Monitoring moisture movements in building materials using X-ray attenuation: Influence of beam-hardening of polychromatic X-ray photon beams

X-ray attenuation measurements are commonly used as a non-destructive method to monitor internal concentration changes of moisture (i.e., moisture content) and other chemical compounds in porous building materials. The technique provides direct measurements of moisture content changes through analysis with a composite model consisting of a dry porous material and a thickness of water equivalent to the moisture content of the material. The current formulation of this composite model relies on certain assumptions, including a monochromatic X-ray photon beam source (i.e., X-ray photons of a single, consistent energy) and that interactions between the X-ray photons and the materials (water and porous material) are independent. However, X-ray sources typically used by researchers in this field of study produce X-ray photon beams over a spectrum of energy levels, or polychromatic X-ray photons. Implications of this inconsistency are introduced and discussed. This paper presents both an overview of fundamental descriptions of the X-ray attenuation measurement technique and results from a parametric experimental study of various porous construction materials, including calcium silicate board, aerated autoclaved concrete, clay brick, cementitious materials, and wood.

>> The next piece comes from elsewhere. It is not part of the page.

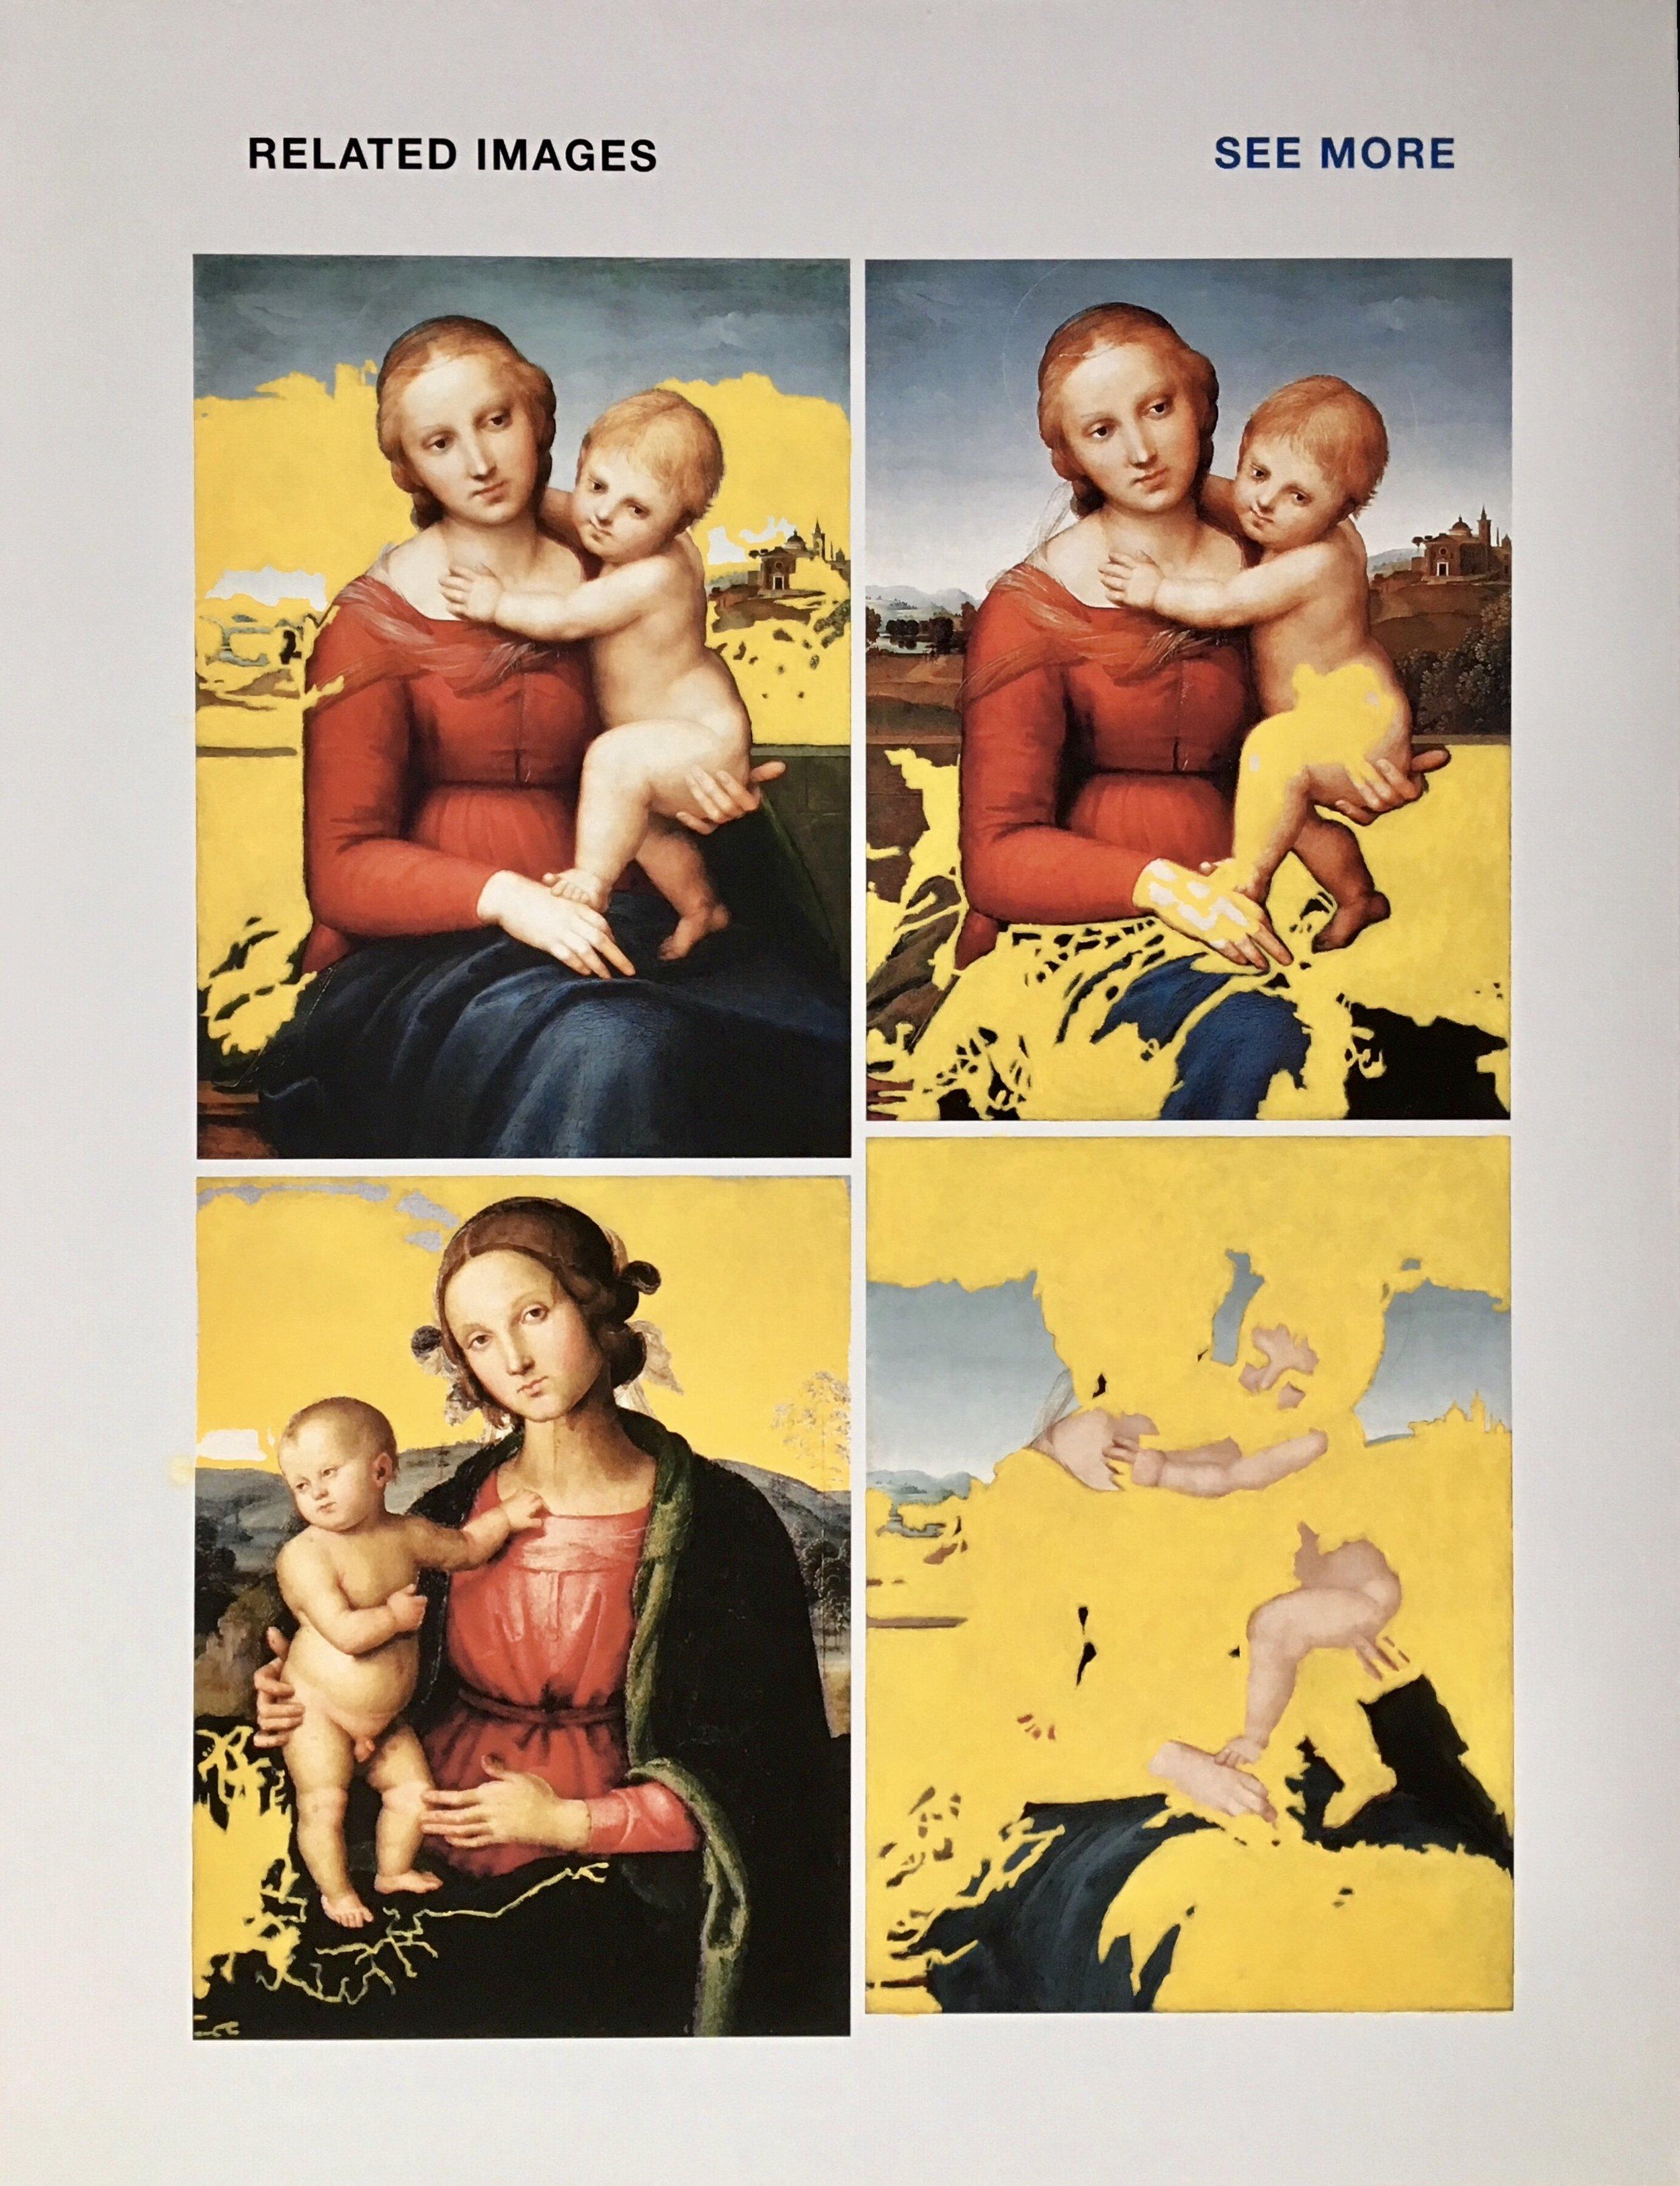 """q=raphael+madonna"", 100 cm x 130 cm, inkjet and acrylic paint on canvas."
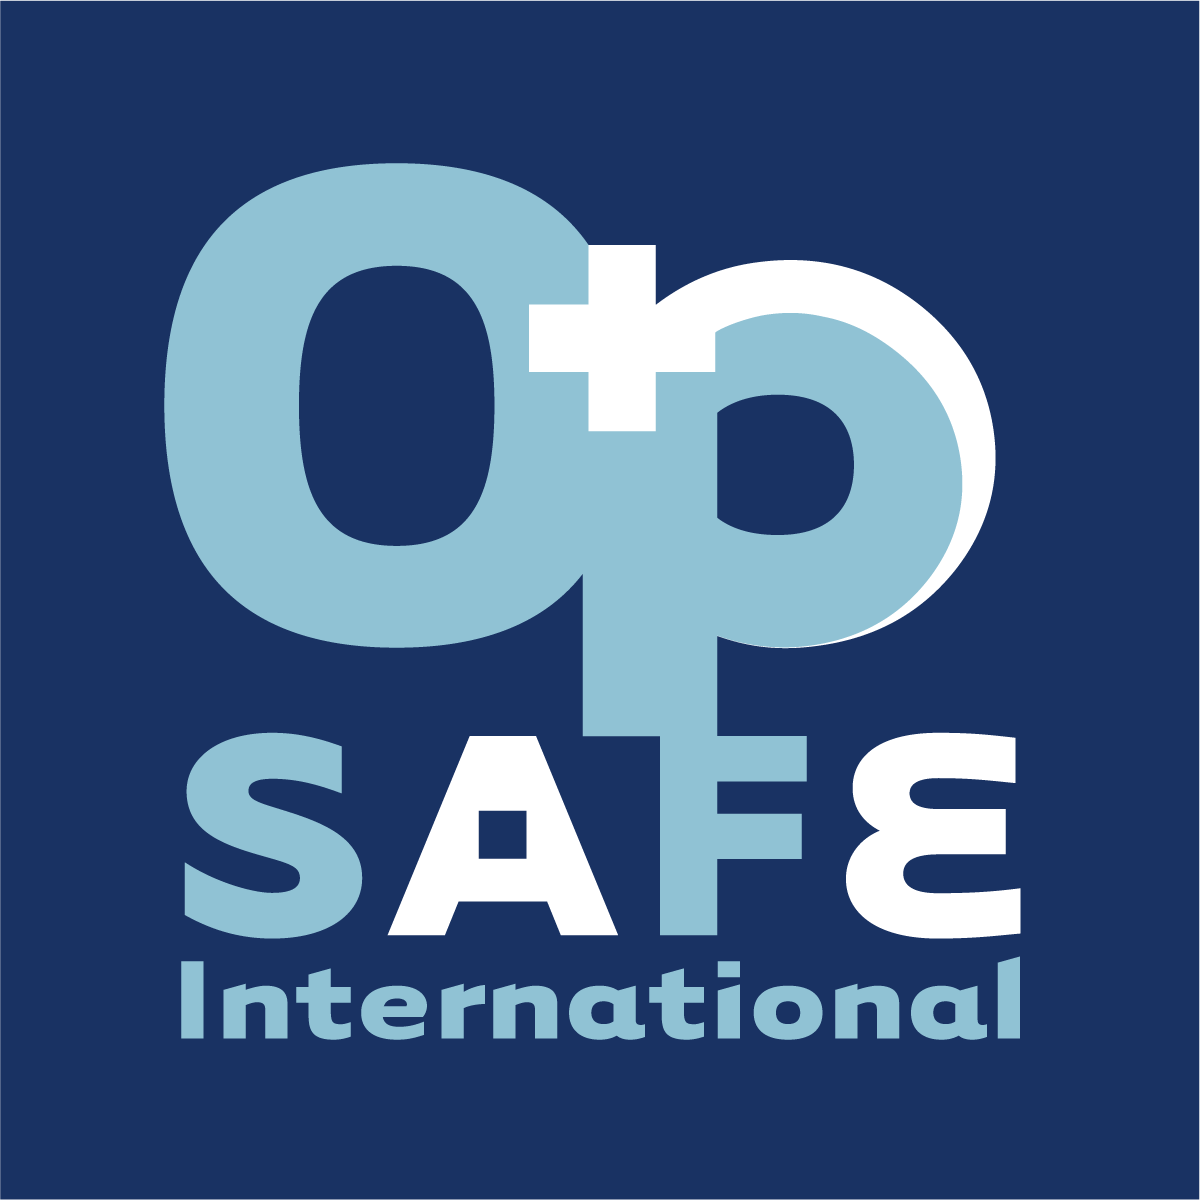 Operation Safe

Results from the parametric investigation indicate the attenuation coefficient of water is dependent on the type and thickness of the porous material.

► The controlling physics of the X-ray attenuation technique are reviewed.
► A composite model is used to assess moisture content changes in porous materials.
► Typical model assumptions are reviewed and impacts are investigated.
► Results indicate porous material thickness affects water’s attenuation coefficient.
► Results may be off by up to 25% if wrong attenuation coefficient of water is used.